The problems, as I see it, with the standardness criteria are...
First, it means that the Honorton meta-analysis of 1985 can no longer be compared to the 1999 “standarded” m-a, since the second uses a different criteria for choosing which experiments to include. Thus, when Radin lumps them together for his incomplete overview of ganzfeld work since 1974, he is making a mistake.
Second, “standardness” consists of the autoganzeld protocol set-up as laid down in 1987, and also some other notes according to the PRL results. For example, they suggest considering meditators or artists as “standard” since they got good results in the PRL experiments. But these suggestions seem to have been rather arbitrary. If good results in the PRL database should indicate “standardness”, then dynamic targets should be standard and static targets non-standard. Yet there’s an experiment using static targets at the highest end of the range, so obviously dynamic/static was not given as a criteria for “standardness” which, considering the large gap in results between them in the PRL work, I find odd.
Plus, certain experiments that used the autoganzfeld quite strictly and consider themselves as a replication to the PRL work (such as Bierman’s, see one of my posts above, or maybe the last page, I don’t know!) has been given a very low rating. This is especially so with Willin’s work. The differences seem to be the target nature (music) and the randomisation process (manual shuffling). Other than that it’s a pretty standard ganzfeld set up. Yet it’s rated at a lowly 1.33. This seems somewhat harsh.
Third, having given a new order to the list of ganzfeld experiments, the mid-point of the scale has been set at the median: 4. Now this is, in fact, the only place along the range where the hypothesis regarding standard results to non-standard results is maintained. The mean (5.33) and the mode (6.67) are no good. In fact, if you take the mean as the average and use the full results of Wezelmen and Bierman’s series 6 experiments, the results of standard and non-standard are less than one per cent different. Amherst has insisted that the median is the only worthy average to take, but this hasn’t convinced me. It implies that the standardness rating actually has a numerical value. That standardness 2 is half as standard as standardness 4. Nor are those experiments of the same standard homogenous.

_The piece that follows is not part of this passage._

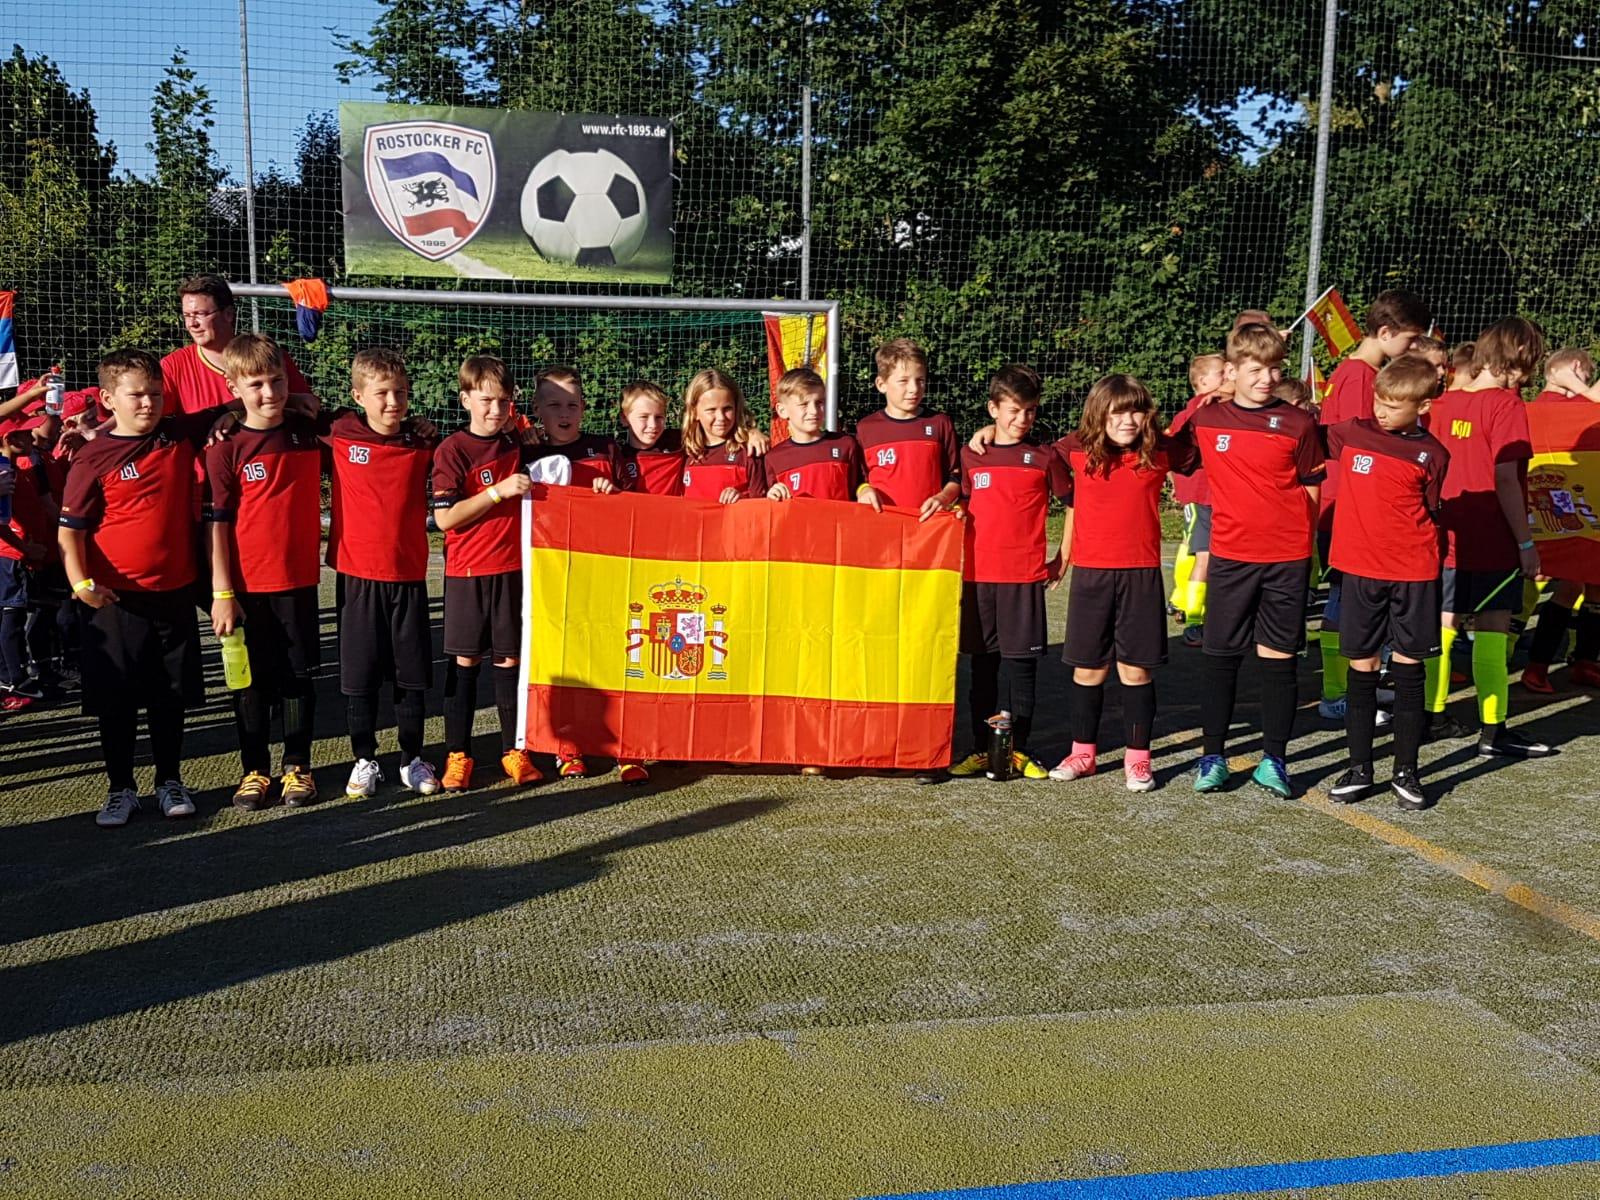 20180629 2011er und 2007er bei der Mini WM in Rostock (2)

I have a dilemma just now that illustrates the point neatly. On my hard drive I have a collection of stuff about the ganzfeld, but not all. I am missing an experiment by Symmonds and Morris from ‘93. Looking at the m-a I can see it scored 4. What does that tell me? Nothing. I cannot even guess what the protocol of Symmonds’ experiment was by looking at the other experiment that scored 4 (Bierman’s series 5).
Fourthly, I don’t think there’s much of a liner regression of results according to standardness. See my graph of page 10... or 11 [edit: page 12!].
But may I ask you a question, T'ai Chi? You know more about statistics than me, so maybe you can help. One of the effect sizes quoted in the m-a seems peculiar to me. How do you calculate the effect size? In particular, an experiment that lasted 10 sessions, with a 25% hit rate expected by chance, yet got only one hit (10%). What would the effect size of that experiment be?